Step 1: Install Apache2 HTTP Server

Apache2 HTTP Server is the most popular web server in use… so install it, since OWA needs it.. To install Apache2 HTTP on Ubuntu server, run the commands below…

sudo apt update
sudo apt install apache2

After installing Apache2, the commands below can be used to stop, start and enable Apache2 service to always start up with the server boots.

sudo systemctl stop apache2.service
sudo systemctl start apache2.service
sudo systemctl enable apache2.service

To test whether Apache2 is installed, open your browser and browse to the server hostname or IP address… When you see that, then Apache2 is working as expected..

http://localhost

Apache2 Test Page

Step 2: Install MariaDB Database Server

MariaDB database server is a great place to start when looking at open source database servers to use with OWA… To install MariaDB run the commands below…

sudo apt-get install mariadb-server mariadb-client

After installing MariaDB, the commands below can be used to stop, start and enable MariaDB service to always start up when the server boots..

Run these on Ubuntu 16.04 LTS

sudo systemctl stop mysql.service
sudo systemctl start mysql.service
sudo systemctl enable mysql.service

Run these on Ubuntu 17.10 and 18.04 LTS

sudo systemctl stop mariadb.service
sudo systemctl start mariadb.service
sudo systemctl enable mariadb.service

After that, run the commands below to secure MariaDB server by creating a root password and disallowing remote root access.

sudo mysql_secure_installation

When prompted, answer the questions below by following the guide.

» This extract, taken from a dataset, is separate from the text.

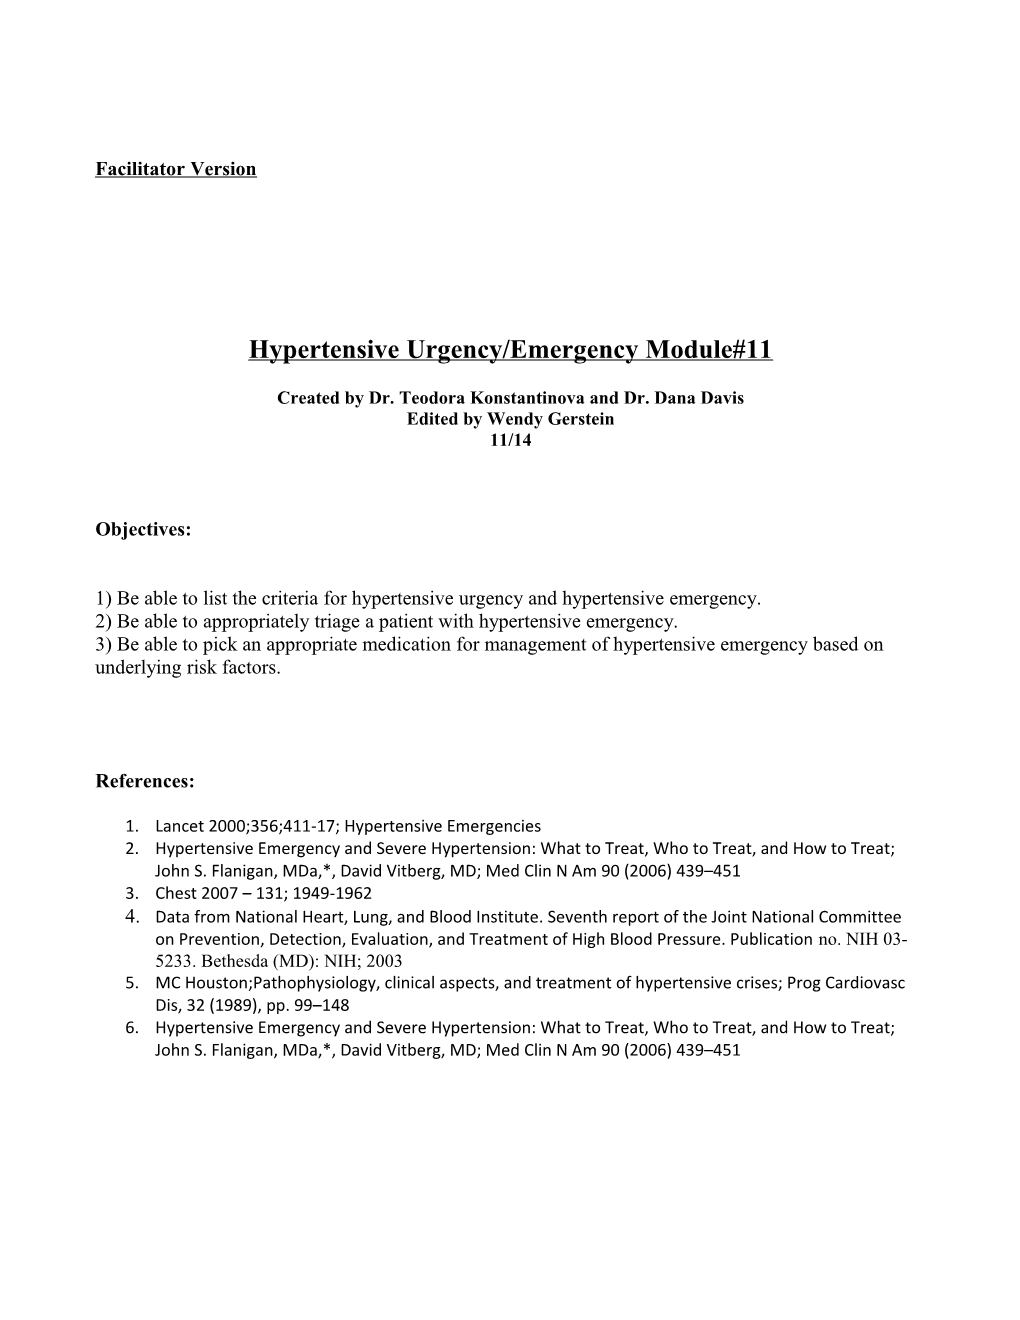 Hypertensive Urgency/Emergency Module#11

  • Enter current password for root (enter for none): Just press the Enter
  • Set root password? [Y/n]: Y
  • New password: Enter password
  • Re-enter new password: Repeat password
  • Remove anonymous users? [Y/n]: Y
  • Disallow root login remotely? [Y/n]: Y
  • Remove test database and access to it? [Y/n]:  Y
  • Reload privilege tables now? [Y/n]:  Y

Restart MariaDB server

To test if MariaDB is installed, type the commands below to logon to MariaDB server

sudo mysql -u root -p

Then type the password you created above to sign on… if successful, you should see MariaDB welcome message

mariadb welcome

Step 3: Install PHP 7.2 and Related Modules

PHP 7.2 may not be available in Ubuntu default repositories… in order to install it, you will have to get it from third-party repositories.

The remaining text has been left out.